Yes, but i think this model can’t explain how wrongly classified objects could be fast recognized after “final single touch” of sensor. I do not think that library of objects is perfectly organized for all possible cases. If this library is made similar to self organizing-map, there are still be imperfect areas, where similar objects placed far apart. Maybe in some cases first thousand sensor inputs wrongly filter out some object, and then, surprisingly, “final sensor touch” results in instant recognition. With current model this would require drastic changes of integrated/accumulated data, and output layer must somehow revive outputs that was filtered out before.
I cant understand how 1000 versus 1 final touch problem would be solved using current model. For example. rectangle with rounded edges and circle. We may move our sensors 1000 times over rounded edge, and output layer saying it is a circle, then one touch on straight side - and output must flip to rectangle. It seems trivial when using only simple senses and few objects, but when adding all “multi-dimensional” senses, like texture, thermal properties, mechanical properties, sounds, large library of objects, there may be not enough neurons to do good enough library and recognition for all cases.
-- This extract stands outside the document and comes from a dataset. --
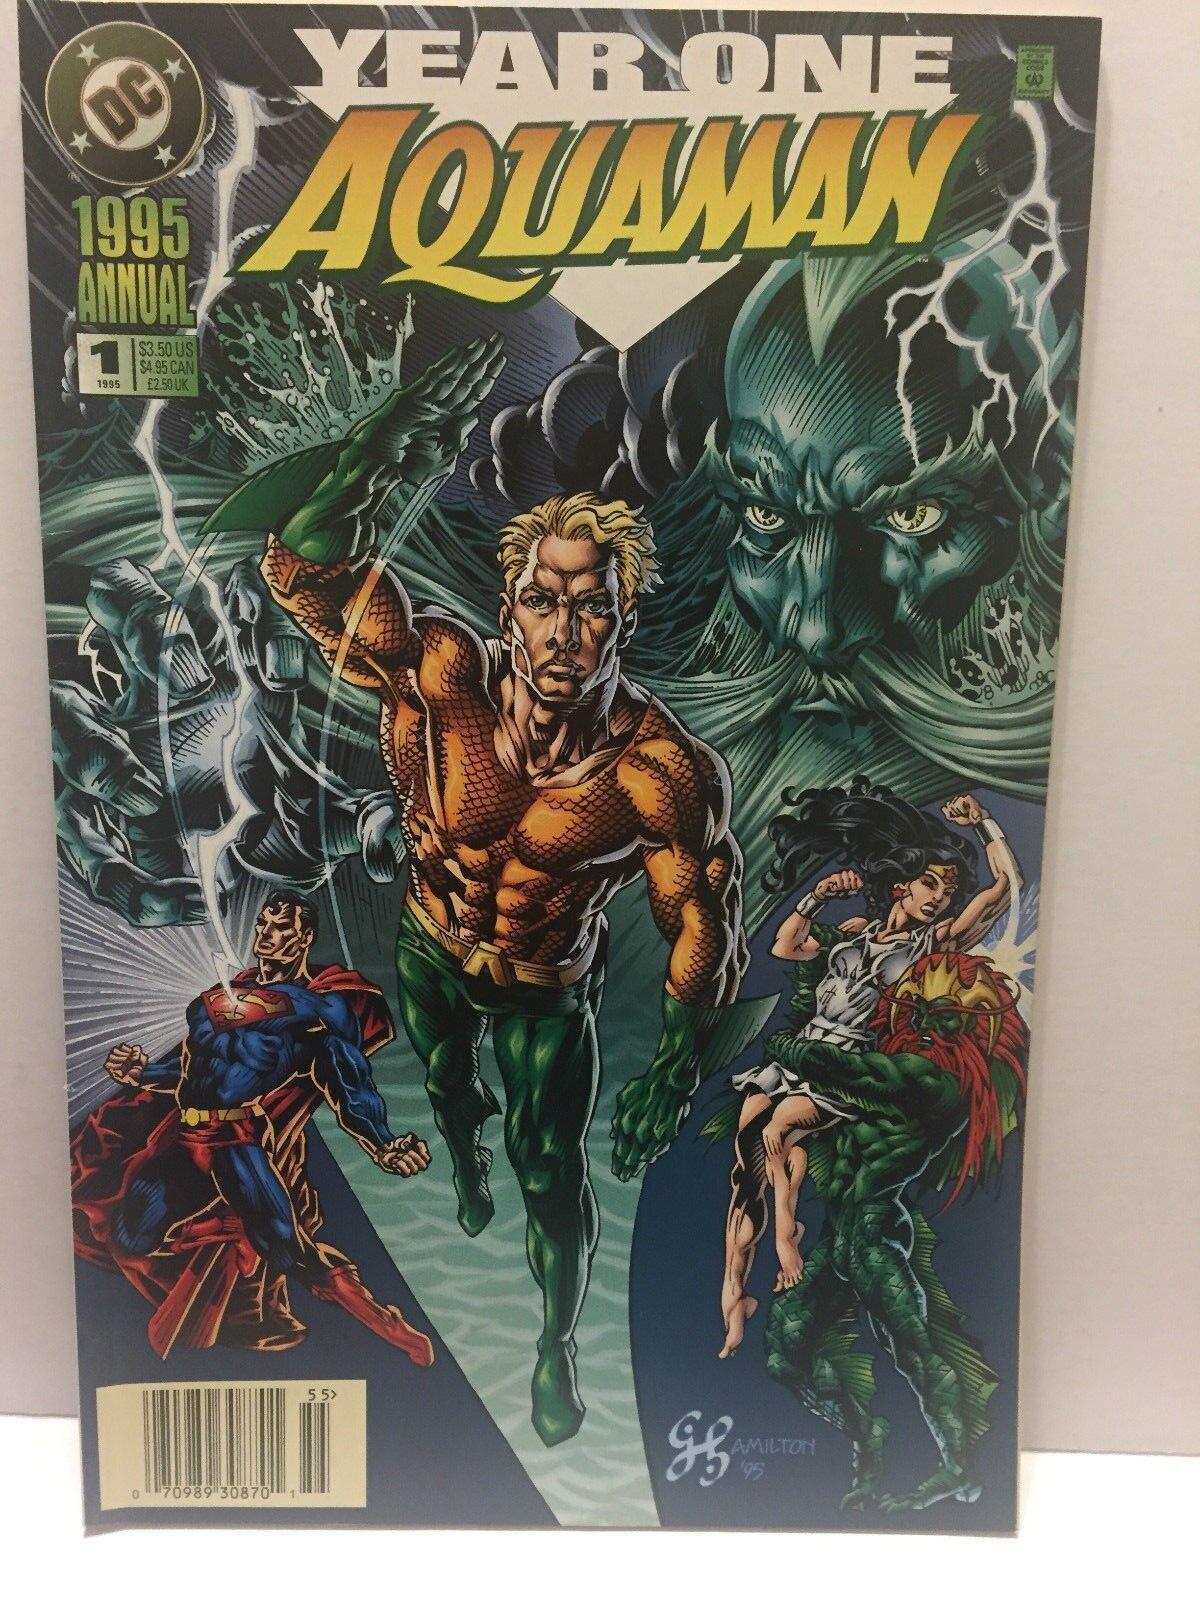 1995 DC Comics Year One Aquaman Annual - $1.95

I am probably wrong, because current software neural networks do pretty good work, so there is proof of concept. But because location signal is so important, and cortical columns have only few neurons, i am thinking that there may be something else here, like some tricky mathematical “rotation” of output layer data and reusing it with new “weak” sensory data, or separate accumulation of sensor data.
Can you rephrase this in a real world problem? If points are picked randomly, chances of that is 0.05 ** 1000 (in python notation) which is… much smaller than… anything in the universe.
Even with 50% similar regions, and only 100 “touches” of each polygon, chance to always hit the similar regions is 0.5 ** 200 - negligible as 60 zeroes beyond decimal point.
At 50% similarity and 10 touches on each, chance to get it wrong is one in a million.
Another small clarification. In current model, how much columns are required for single object? In other words, in Numenta’s “cup” example, how many columns work together to recognize this cup?
One column can represent a cup. This is a “cortical column” or “hyper column”, not a minicolumn. If there are more columns, with lateral voting they can resolve objects faster.
Let me try to answer the question that I think is at the heart of what the OP was asking: How is it that we can so quickly disambiguate two very similar objects in a relatively few number of touches? I am slightly restating the question because I don’t think we would actually touch an object 1000 times in a way that would not provide any additional evidence for disambiguating between A and B. If the first few touches reveal features that are common to both A and B, then our next few touches would most likely be directed towards features that would be unique to A or B.
Regardless of whether or not the motor commands are being directed to disambiguate objects as quickly as possible, the result is that the spatial pooler and temporal memory will be producing SDR’s that are consistent with both A and B until such time as a unique feature is detected. The temporal memory will be making predictions to expect features from either A or B.
Now, if you were stopped prematurely or otherwise prevented from touching a unique feature, and asked which object you think it was; then your answer would probably depend on your prior experiences and biases with these objects. If you have encountered A more often than B, or some feature of B makes it less likely to be observed than A, then you would probably answer A. This response has less to do with the directly sensed objects than with your own mental associations of each object with the specific contexts in which they may be encountered.